In some cases, it might be good to imagine the grid of vectors as a coordinate system, where each grid vector is at a grid vertex (x=1,2,3... & y=1,2,3...). In this coordinate system, each of our candidate points sits in between the coordinate grid.
For example our candidate point might be at (x=1.3, y=0.4), and it is surrounded by the grid vectors at coordinates (1,0), (1,1), (2,0), (2,1). Each of these 4 grid points have an associated random unit vector from the previous step, but we won't worry about these until the next step.
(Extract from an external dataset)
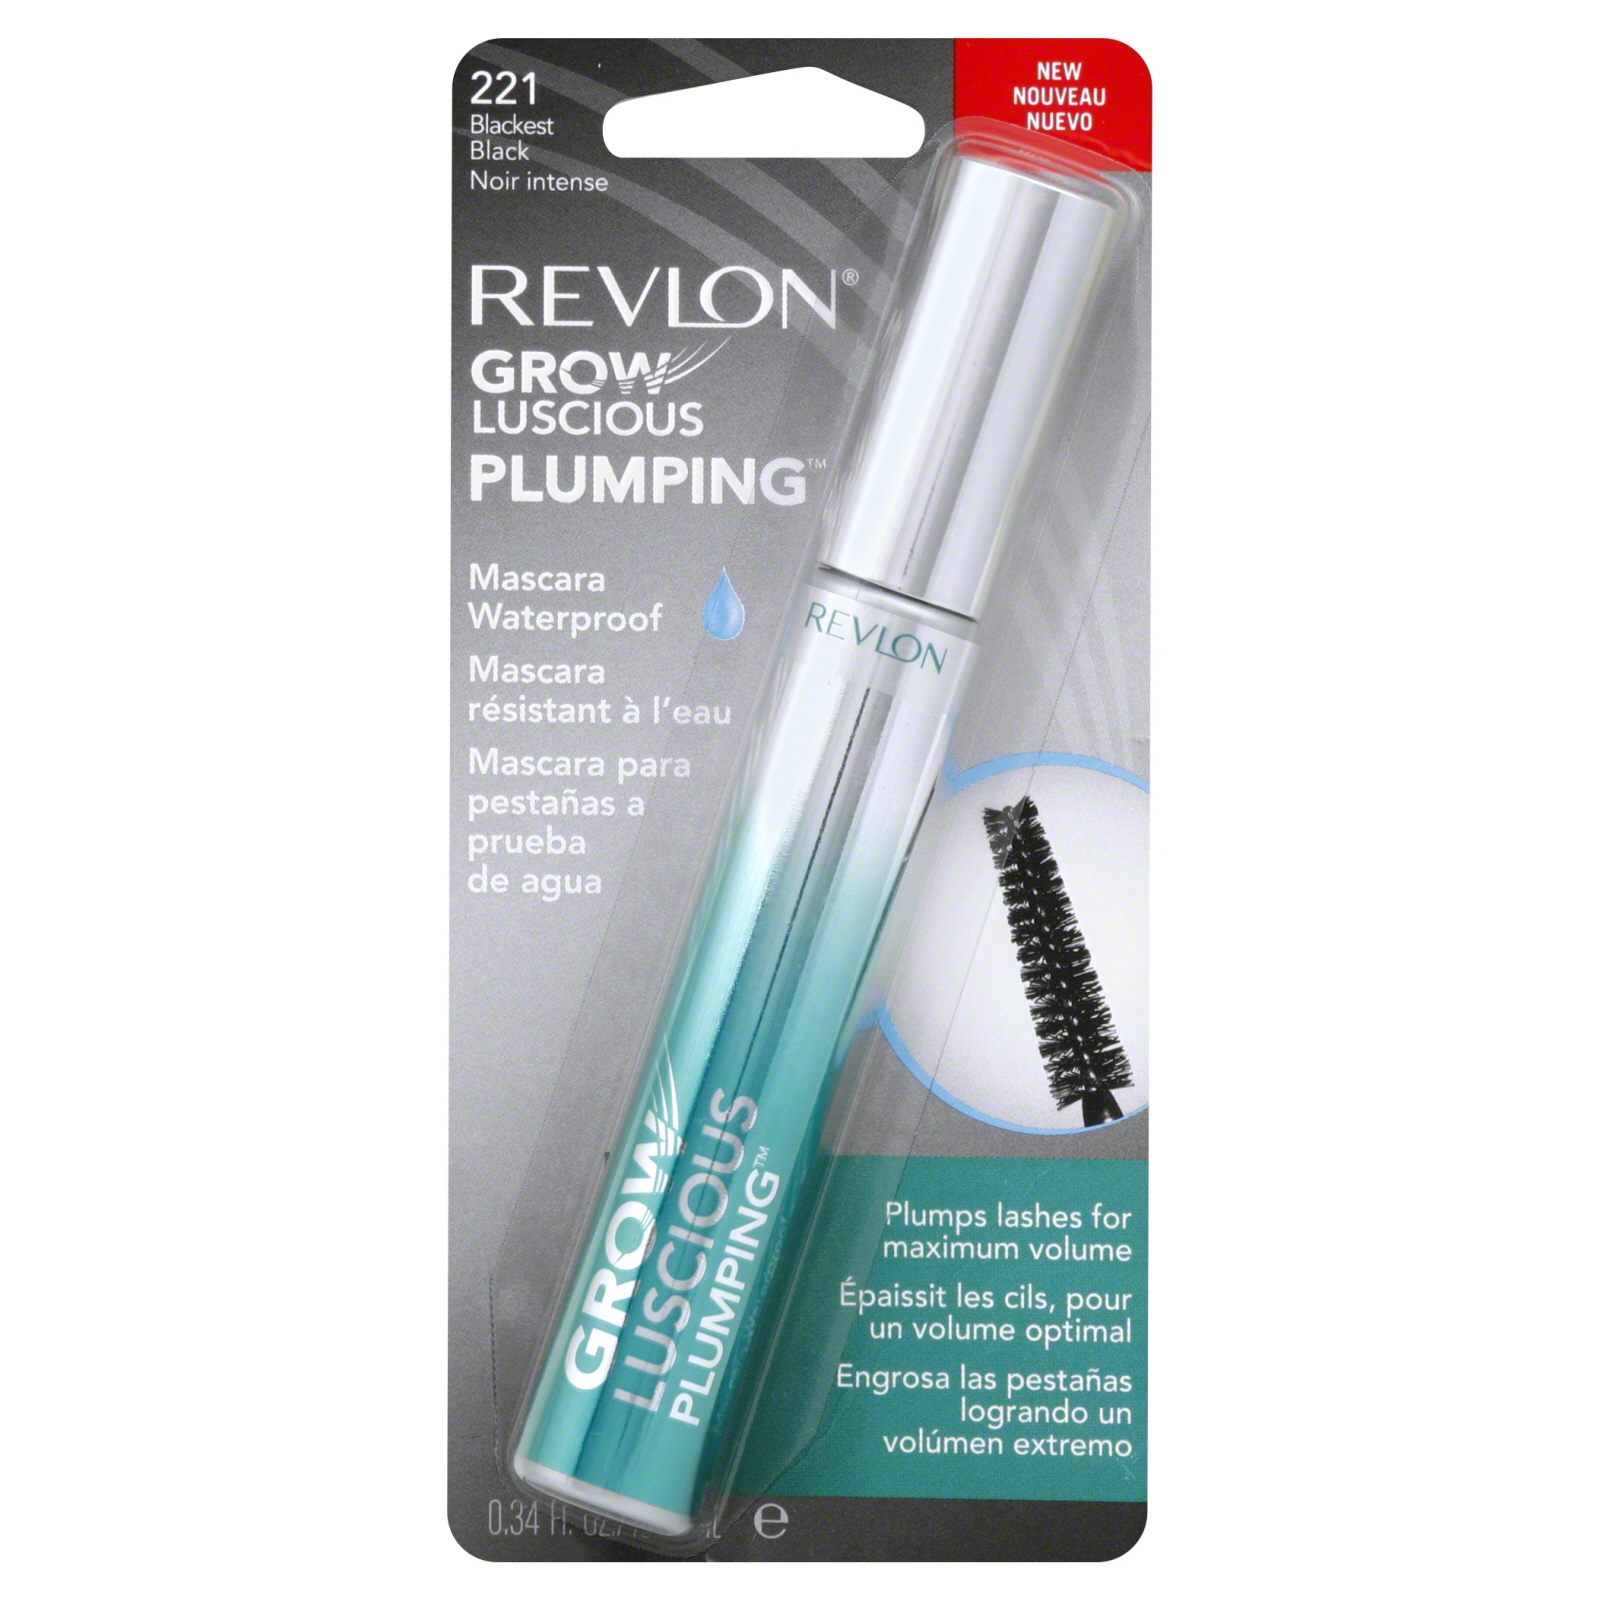 Revlon Grow Luscious Plumping Mascara Waterproof Blackest Black 0.34 fl oz

The Candidate Point Vectors are the vectors which will point at the candidate point from each of the surrounding grid points. In our example above, there are four surrounding grid vertexes, and so there will be four candidate point vectors, one from each of these vertexes pointing to the candidate point.
This of course is dependent on the dimensionality of noise you are generating. For example in 3D space there would be 8 surrounding grid vertices, and therefore 8 surrounding candidate point vectors (forming a cube surrounding the point).
Each of these surrounding vertices has a vector created which points towards the candidate point. Now, each candidate point has 4 surrounding normalised grid vectors, and 4 surrounding candidate point vectors (in 3D this would be 8 each, in 4D it would be 16 each, in 5D space it would be 32 each etc.).